Content is not a feature. It's messy and complex -- an ever-evolving thing that can turn into a monster. In their book Web Redesign 2.0, Kelly Goto and Emily Cotler say the way to deal with web content is to “accept it, plan for it, charge for it.” Halvorson disagrees.


Halvorson’s idea: you need to have a content strategy - something which plans for the creation, publication, and governance of useful usable content.


Content can be: text, data, video, audio. But the major hurdle of all of these is text (including text that you see and that which you don’t see [i.e. metadata]). Strategy is a plan for obtaining a specific goal or result.


Content strategy helps us understand context of content – what, why, how, for whom, by whom, with what, when, where, how often, what next, etc.


A negative example: website of Quicken: designed not for or about the user, but is about selling Quicken. Compare that to:


Mint.com -- a personal finance site. Note the emblazoned banner: “the best (free) way to manage your money.” This website is not about Mint.com, but about the user. It is a website whose design is based on user's fears and desires. We didn't come to this website to learn about Mint. We came to fix our financial life. Secondary to that is using Mint.

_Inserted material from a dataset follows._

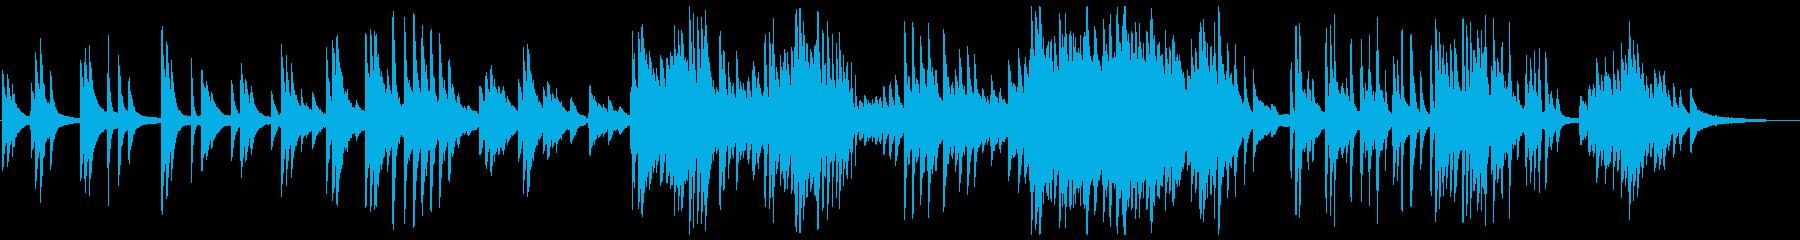 しっとり感動的なピアノの演奏の再生済みの波形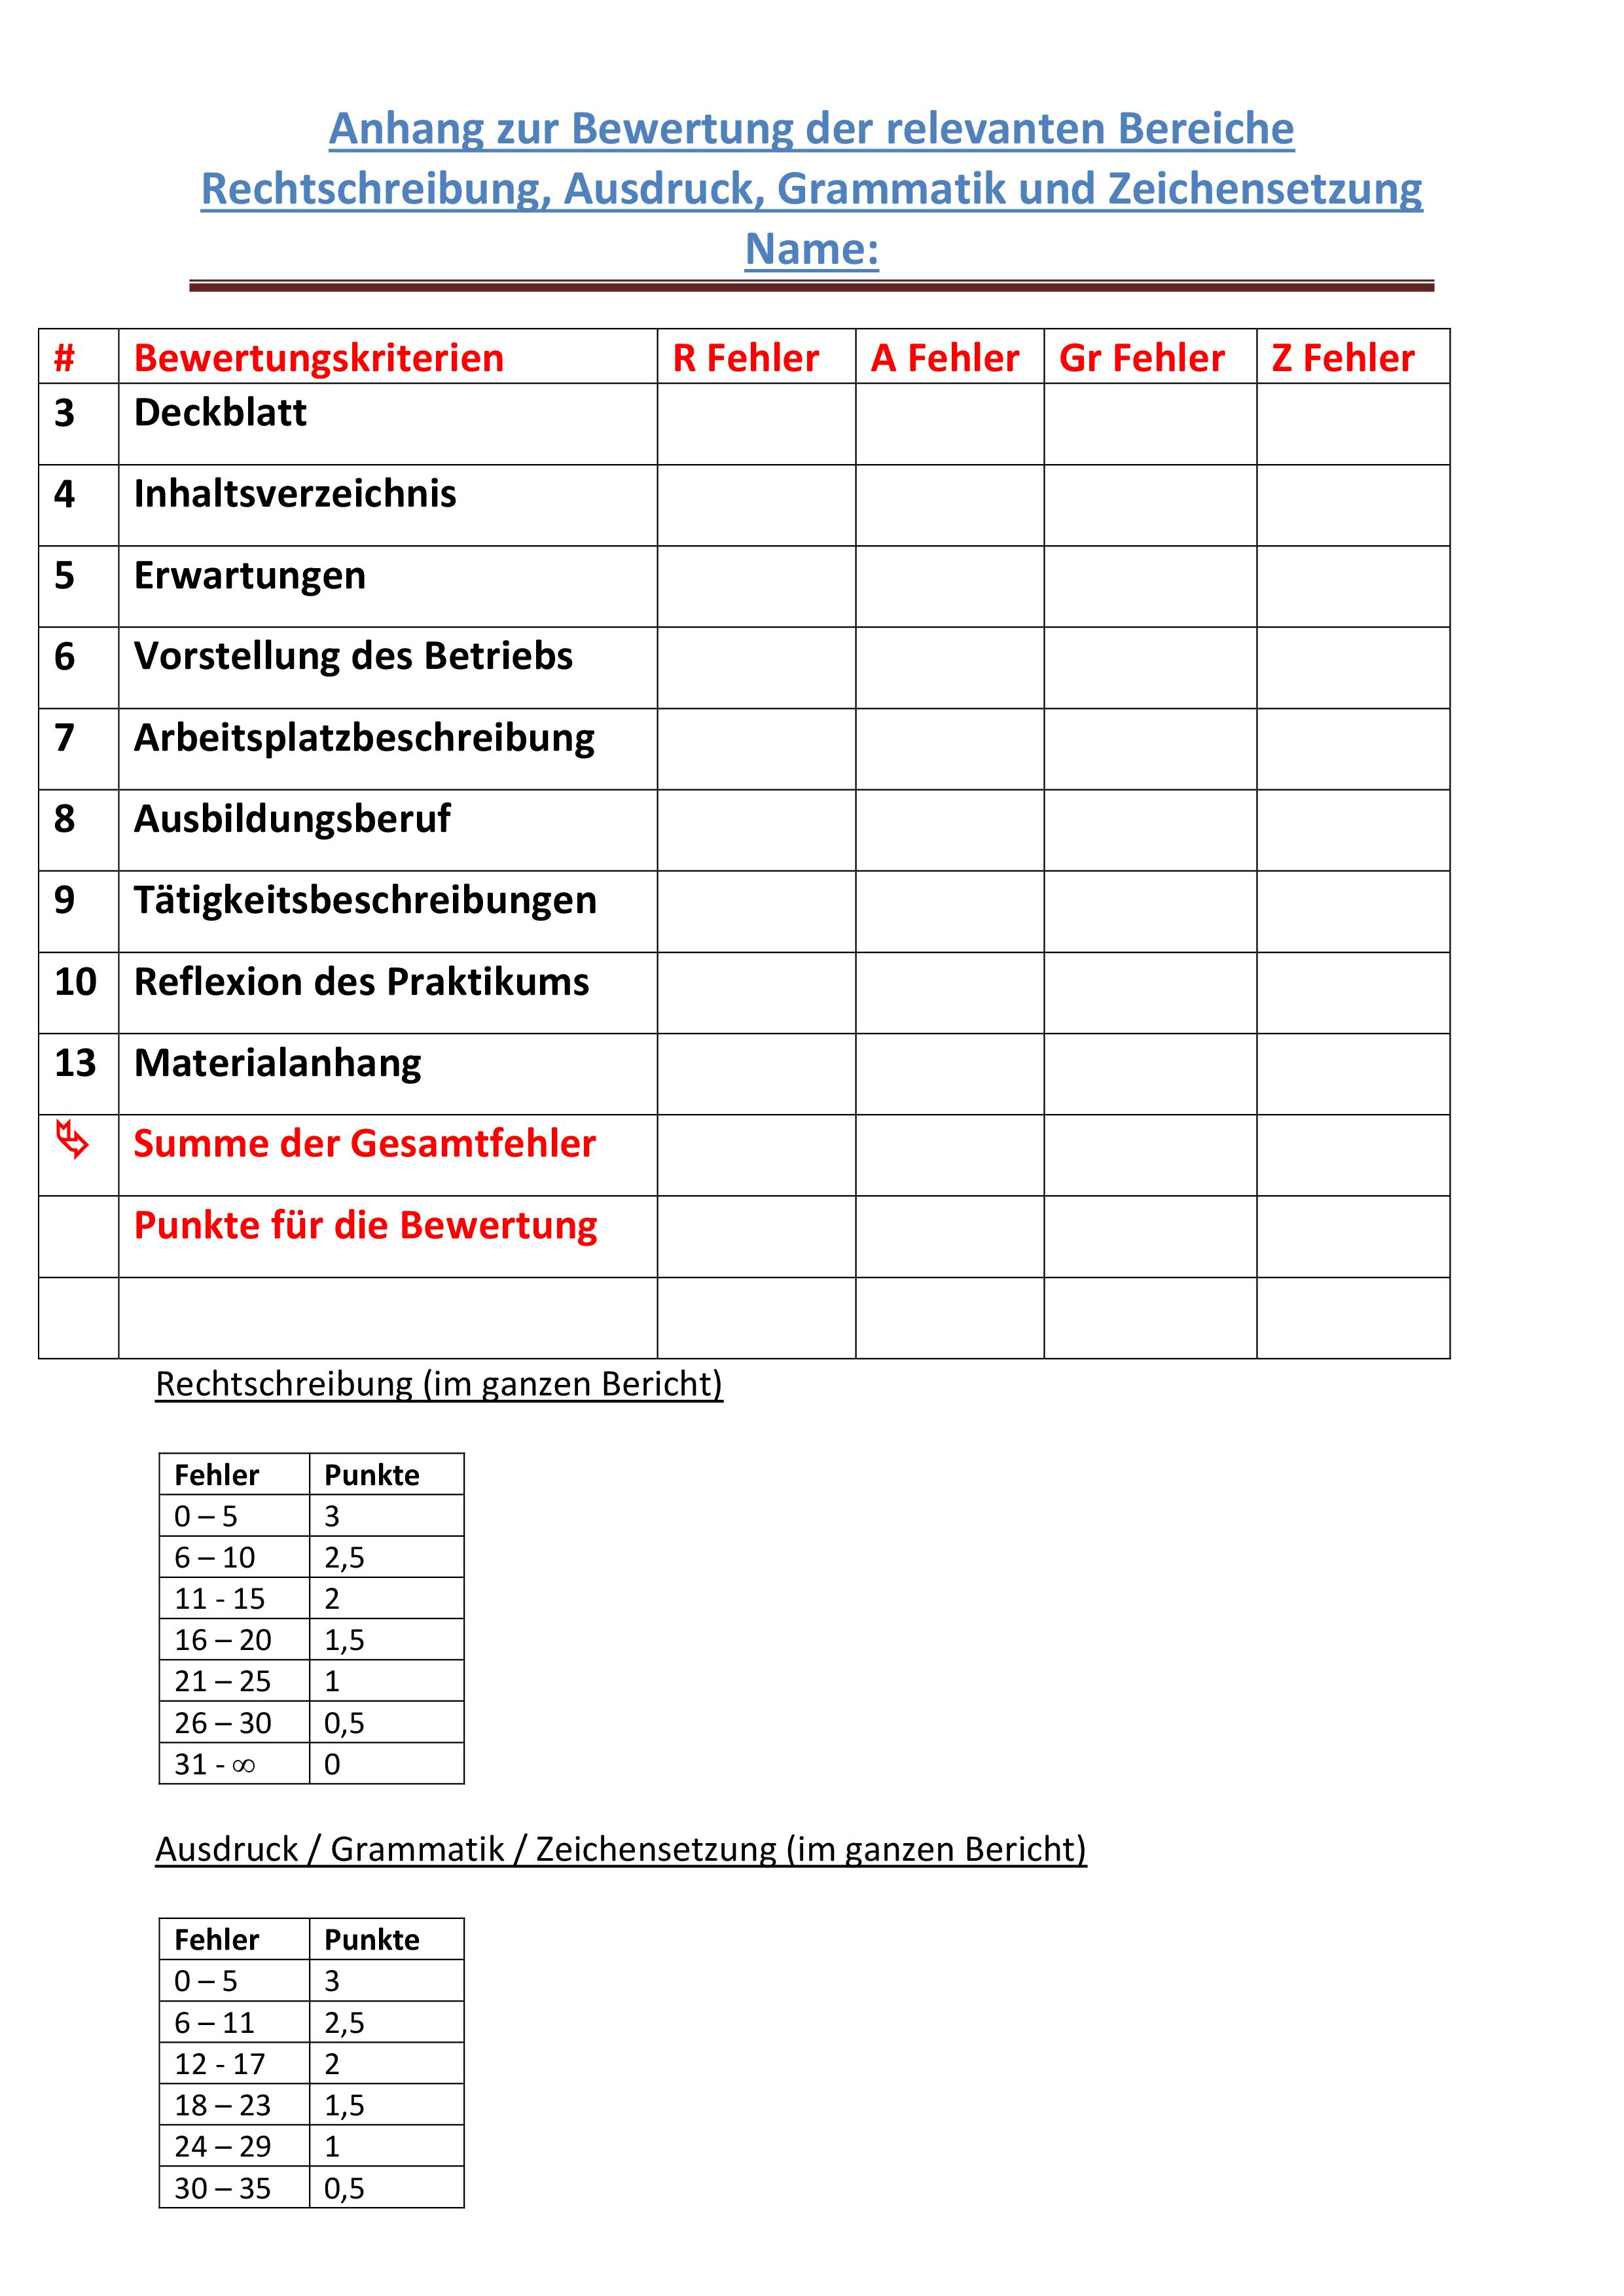 Rechtschreibungskriterien Zum Praktikumsbericht Unterrichtsmaterial Im Fach Arbeitslehre In 2020 Praktikumsbericht Rechtschreibung Unterrichtsmaterial

If you fail to consider user goals in seeking your business objectives, you won’t deliver useful content. If you can align user goals with your business objectives you’ll strike the right balance.

Three examples of companies that deliver useful content and do it well:


1. REI (cold weather clothing and gear): They provide a library of articles (texts and videos) that help all levels of visitors. There are 100-200 original articles by staff members (not aggregated from other sources) targeted to specific activities. They've invested in an in-house editorial team.


2. Room & Board : On their website they don’t just tell you about the furniture, but have interview with their artisans. They let you behind the scenes to show you how these artisans have created the furniture. (This helps the user to establish a connection with the products.)


3. Ford Models . Their YouTube channel brings users “backstage” where they have interviews with models and designers. Studio artists and models deliver real-world tips and tricks about makeup, hair, and taking care of oneself. So it brings people not just backstage but delivers useful information to users (and potential models and Ford candidates). They simply asked: “What do girls want?” to determine how they should model their website.


So...


How does content strategy work? There are four parts:

Plan. Create. Deliver. Govern.

Plan:

Process:

  • What do we have?
  • What are we trying to do?
  • What do our content ecosystems look like? (all factors that have impact on living thing of content)
  • What are our opportunities, risks, and success metrics? (SEO) - How are you going to measure success? (fixing content is not a measure of success – you must measure how success is made)


Your content is organized by a content inventory. This inventory only identifies content and a few notes. It is a quantitative audit by which you obtain:

  • measurable project outcomes.
  • content recommendations for your project:
  • What do our content ecosystems look like?
  • What are our opportunities, risks, and success metrics? Consider external and internal factors.
  • The Plan:


Your plan should form a continuous circle of learning / creation / examination, or Create, Deliver, Govern.


This is the mantra of social media: you must be ready to stay engaged. No longer can you create content and then leave it to dry out, age, and spoil.


What do you get? Multiple benefits: better user experience, great brand consistency, new operational efficiencies, better risk management, improved SEO, and more effective personalization and targeting.


How can you start?


Currently we think of content as the responsibility of a writer. But it requires more functions. We need to recognize content as a complex thing and the responsibility of many. Marketing tasks in all their variety are activities which can be considered content. We must have processes in place that recognize the web as an eco system.


In closing Halvorson admonished us:


You are a publisher - treat your content as a critical business asset.